The first time I meditated

The first time I meditated, the soothing voice on the app instructed me to picture myself sitting beside a road, watching my thoughts zip by like passing cars.

Seemed simple enough.

Too cheap to sign up for an actual class, I had downloaded the Headspace app during the Covid lockdown period and activated the 7-day free trial– just to see if I liked the practice or not. I figured that since I am home attending to virtual meetings, I might as well learn some techniques to stave off mental exhaustion.

After browsing through a surprisingly attractive and breezy menu of meditation courses, I f figured that I should start with the Basics. Plugging in my earphones, I sat on the floor, crossed my legs, closed my eyes and made a sincere effort to follow the instructions.

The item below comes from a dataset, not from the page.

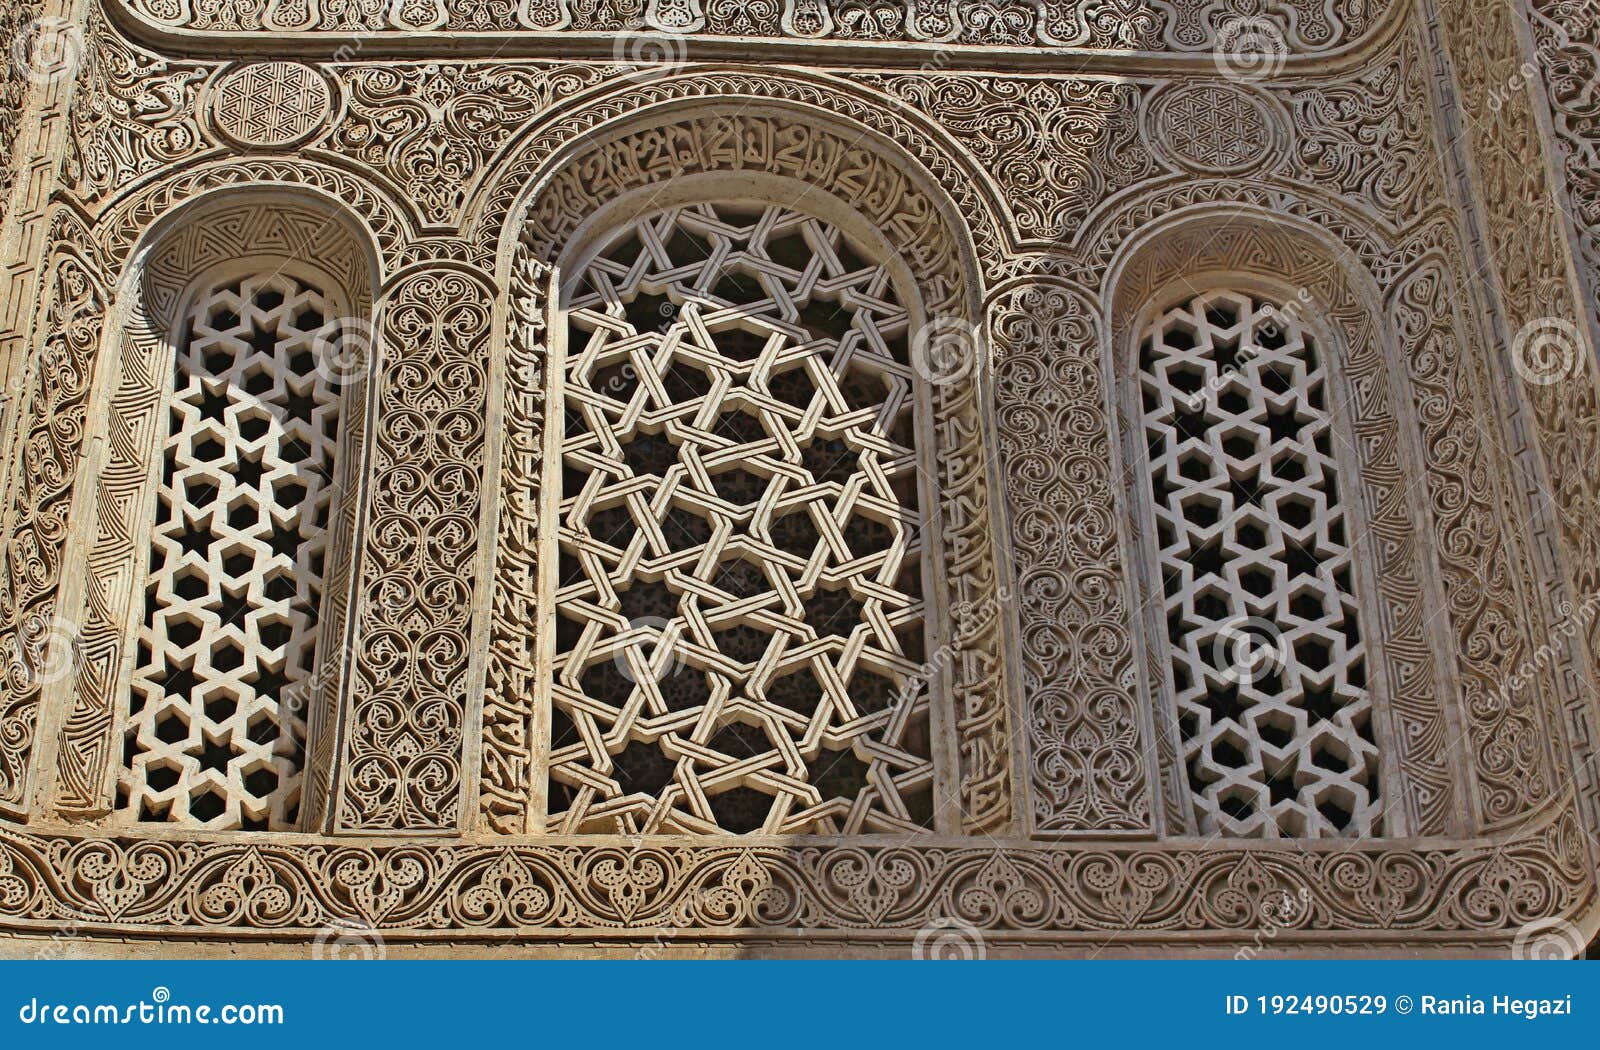 a beautifully ed window from sultan qalawun complex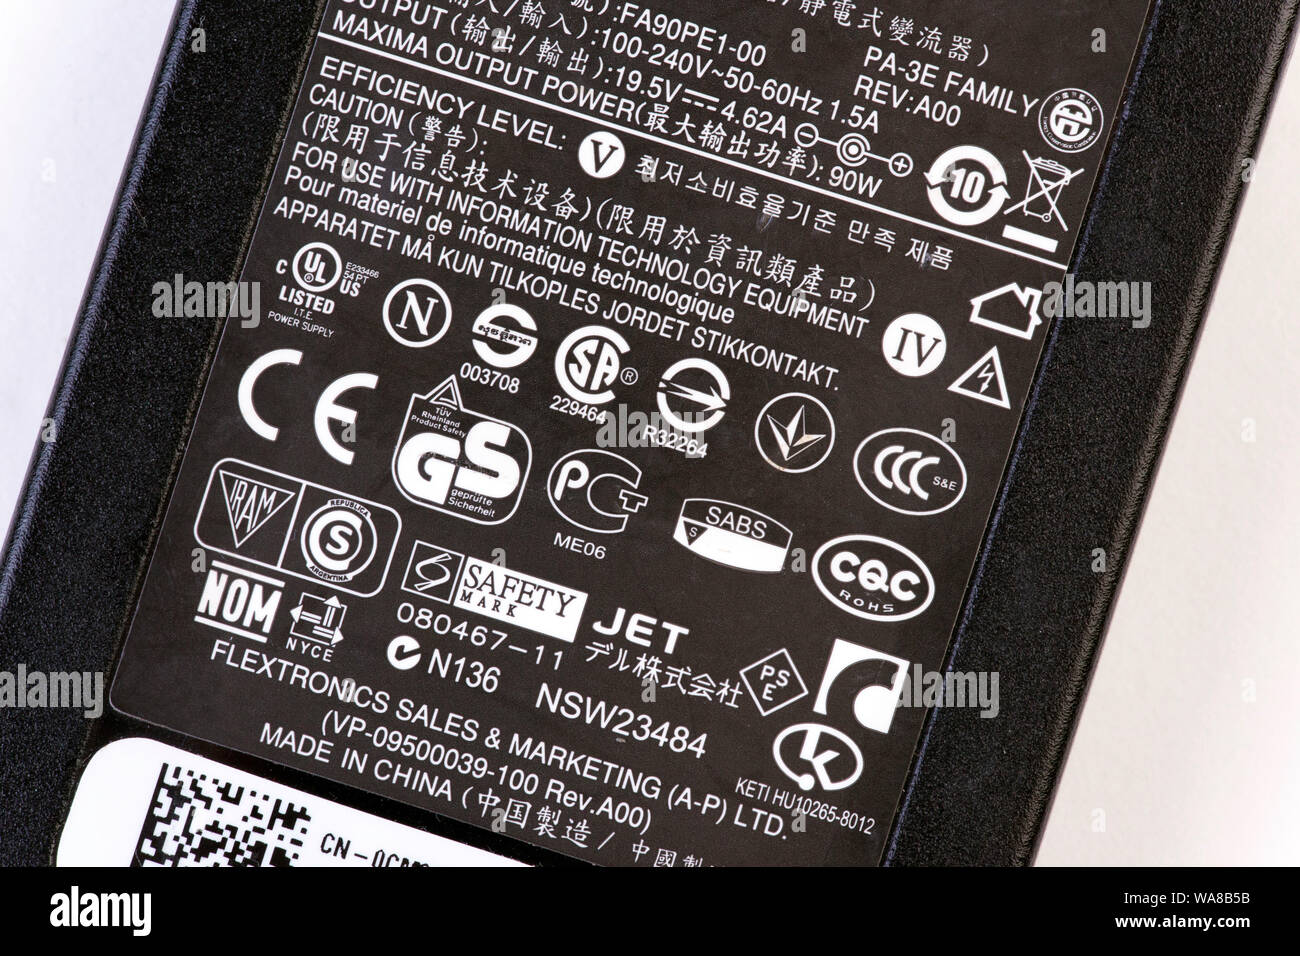 electrical safety standards logos on laptop mains power adaptor Stock Photo

What happened next was about as far from “Japanese zen garden” as you could get. I was supposed to observe any thoughts that arise as vehicles that are traversing the highways of my mind. The idea was not to focus on any one thought as it zoomed by but to just observe these passing thoughts. However after about 2 minutes, my mind turned into the scene of a mental multi-vehicle pileup– an absolute wreck of to-do lists, anxieties, half-formed thoughts and reminders to reply to messages I’d ignored for way too long.

It was then I realized: my brain never stops. It’s always thinking, always processing.

It took me embarrassingly long to understand that meditation isn’t about silencing these thoughts. It’s about acknowledging them– kind of like politely nodding at every colleague who steps in and out of the Menara Maxis elevator every morning while you patiently wait to get off on the 23rd floor.

Because once you recognize these thoughts and emotions, you can decide what to do with them. I like to think of meditation as running a nuclear plant– you constantly monitor the levels of reactive fuel rods without letting them spiral into a catastrophic meltdown of white-knuckled panic attacks.

At the end of that first session on that app, did I feel enlightened? No. Did all my troubles disappear? Also no. But for the first time, I felt a little detached from them– like my worries didn’t define me.

However, I learnt one very important lesson.

Sitting in a lotus position for 15 minutes did cut off circulation to my legs and getting up was an unexpected challenge.